A Taxonomy Worth Stealing
The guidelines also include detailed taxonomies for different categories of AI usage. I think these are useful reference material for anyone documenting AI-assisted work, not just students.
In writing: grammar checking, citation management, plagiarism detection, formatting, style improvement, paraphrasing, translation, literature review drafting, source summarization, content expansion, section composition, and simulated peer review.
In programming: inline completion, prompt-to-code generation, project scaffolding, code explanation, documentation generation, debugging, test generation, refactoring, performance optimization, API usage examples, dependency management, AI pair programming, and simulated code review.
In mathematics: symbolic manipulation, step-by-step tutorials, visualization, formula translation, conjecture generation, proof sketch drafting, formal proof synthesis, counterexample search, proof verification, and auto-formalization of natural language into formal logic.
These categories aren't exhaustive, and they're explicitly not all automatically "appropriate" — they're a vocabulary for describing what you did.

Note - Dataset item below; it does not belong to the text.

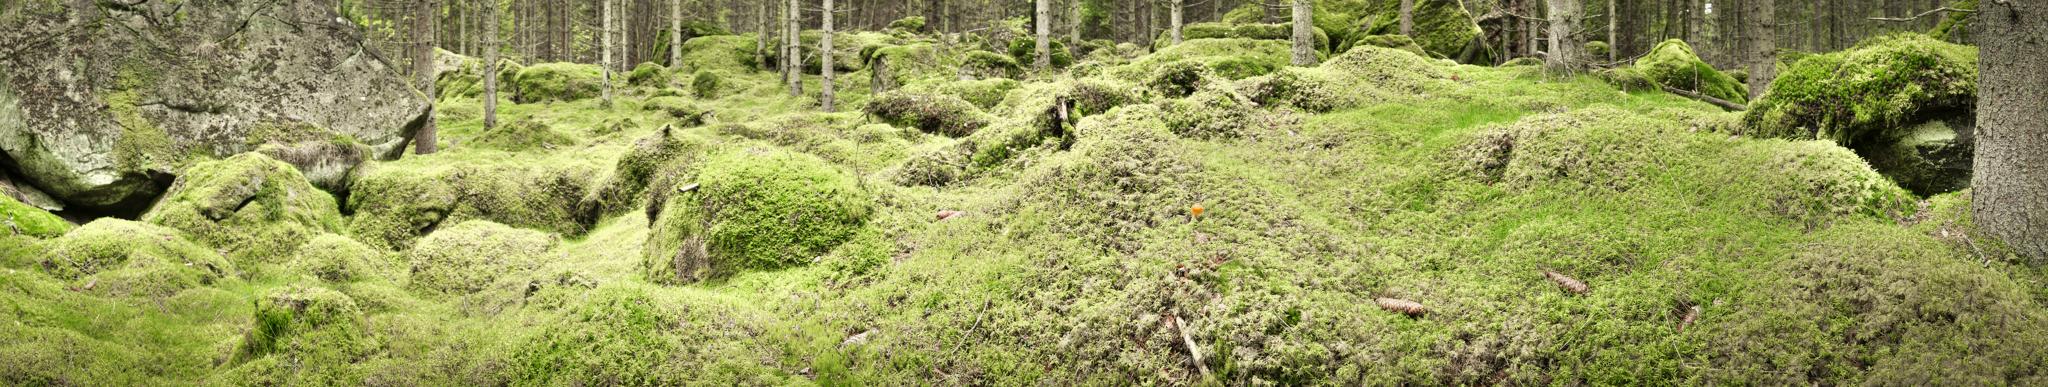 Olofstrom_fairies_wood_2K-2

Why This Matters Beyond Academia
I spend a lot of my time building evaluation and observability infrastructure for LLM workflows. One thing that's become clear is that the documentation problem isn't unique to universities. Any team using LLMs in production faces the same question: how do we track what the model contributed vs. what a human decided?
The LMU approach — structured documentation, clear responsibility, quality-first assessment, and verification through explanation — maps surprisingly well onto engineering practices. Swap "oral defense" for "code review where you explain your PR," and "AI Tools section" for "commit messages and PR descriptions that disclose AI assistance," and you're most of the way there.
The key insight is that transparency isn't about restricting AI usage. It's about maintaining accountability. And that's a principle that scales from a bachelor's thesis to a production ML pipeline.
The full original guidelines (in English) are available from the Institute of Statistics at LMU Munich. If your institution is working on similar policies, they're worth reading in full — they're one of the more thoughtful takes I've seen on this topic.